El asunto es que sigo la guía de instalación del handbook (x86) y cuando realizo un [/(chroot): emerge gentoo-source] me descarga todos los paquetes del kernel (v2.6.34) pero a la hora de descomprimir las fuentes sale el siguiente mensaje de error:

```
(chroot) no such file or directory

```

y luego

```
(chroot) Cannot open: no space left or device
```

y al final no se instalan las fuentes.

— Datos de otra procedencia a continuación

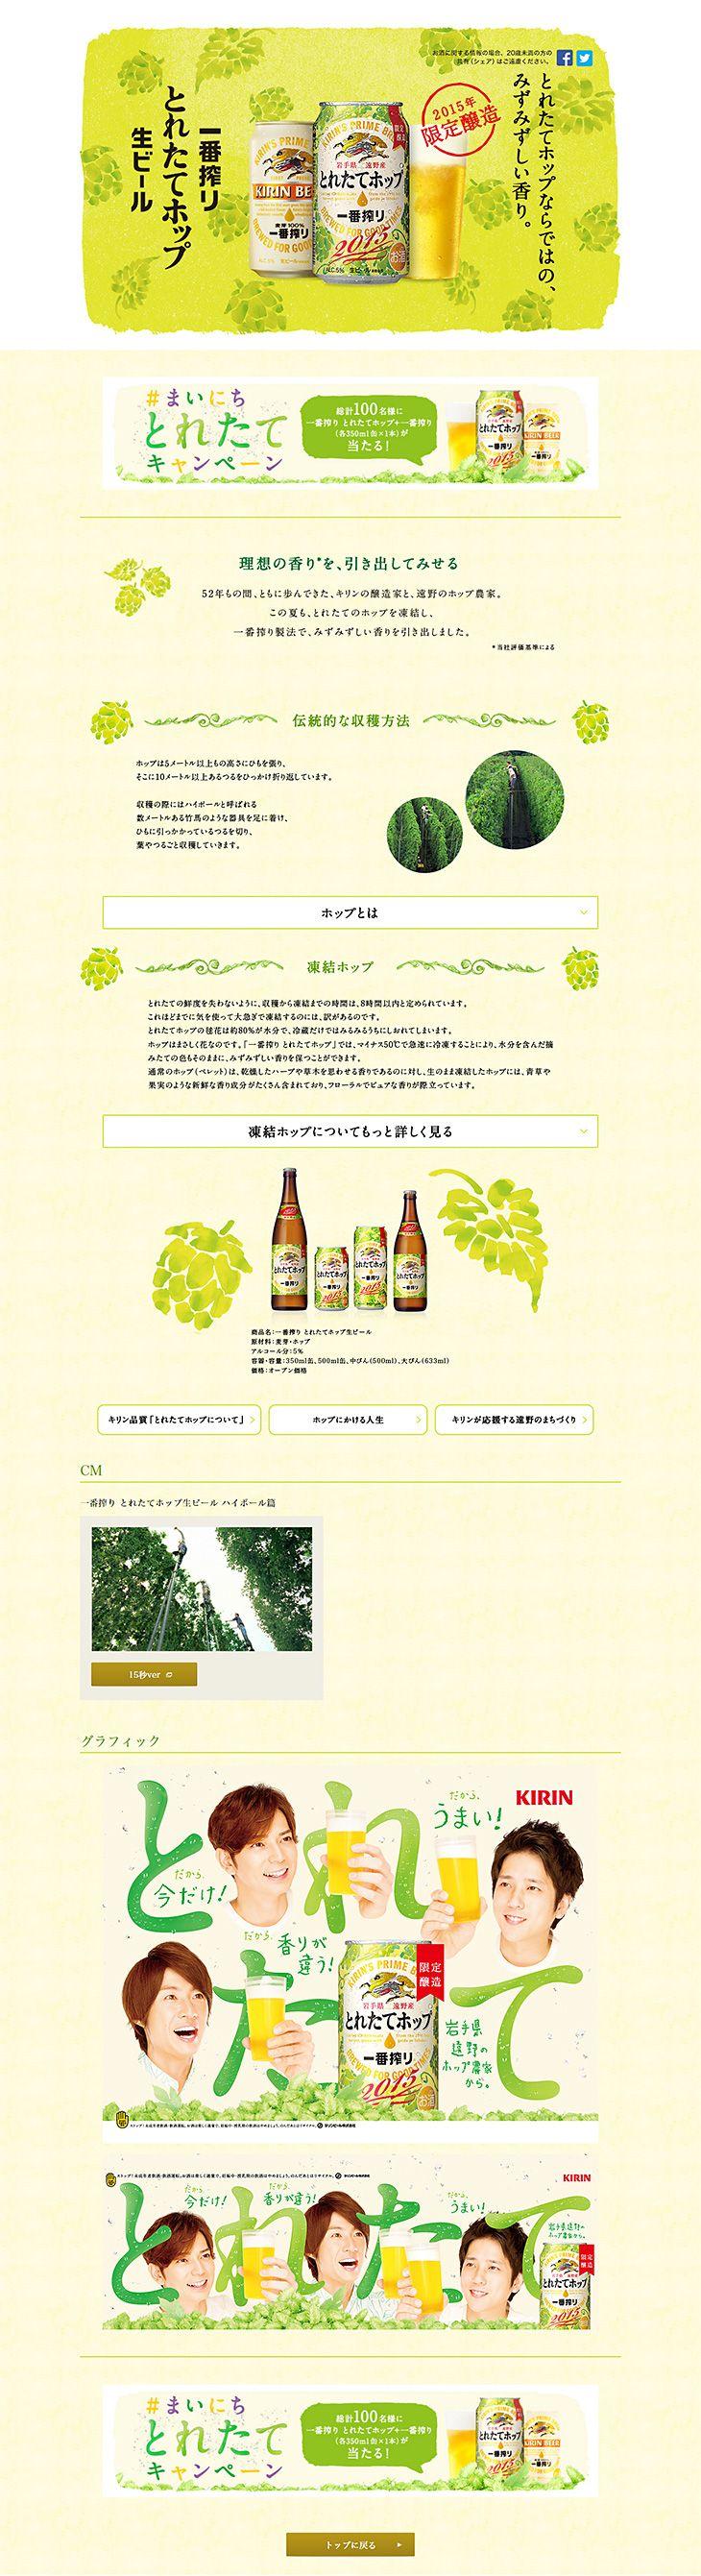 ランディングページ LP 一番搾り とれたてホップ生ビール|飲料・お酒|自社サイト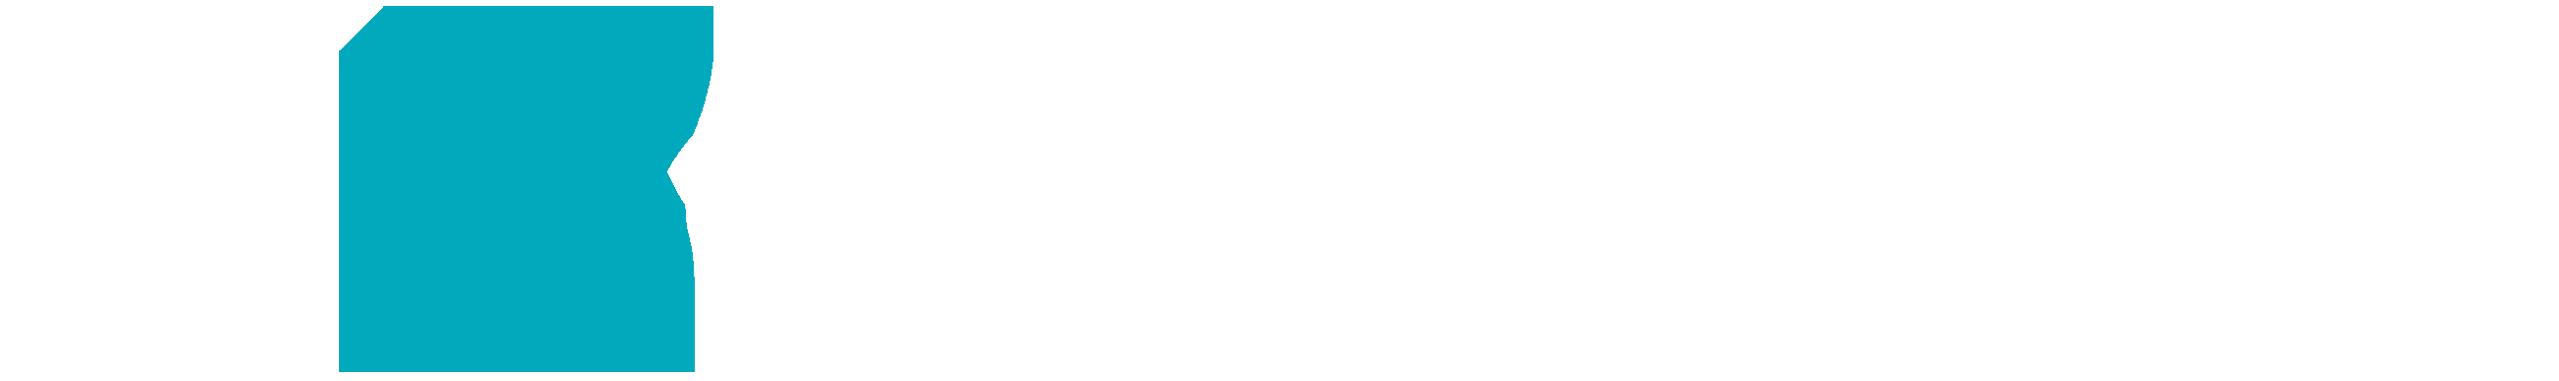 Clarion Pointe logo

Realicé lo mismo pero descargando el tarball con wget y descomprimiéndolo con tar -xvjf en /usr/src/ y nada... lo mismo

Así que (intrigado por la supuesta falta de espacio) realicé un 

```
 df
```

 en el directorio citado y está un 53% ocupado. Así que la cosa no venía por ahí, y lo que hice fue fijarme los nodos del directorio con 

```
 df -i
```

  y... ¡100 % IUSE! Repleto de los no tan famosos nodos.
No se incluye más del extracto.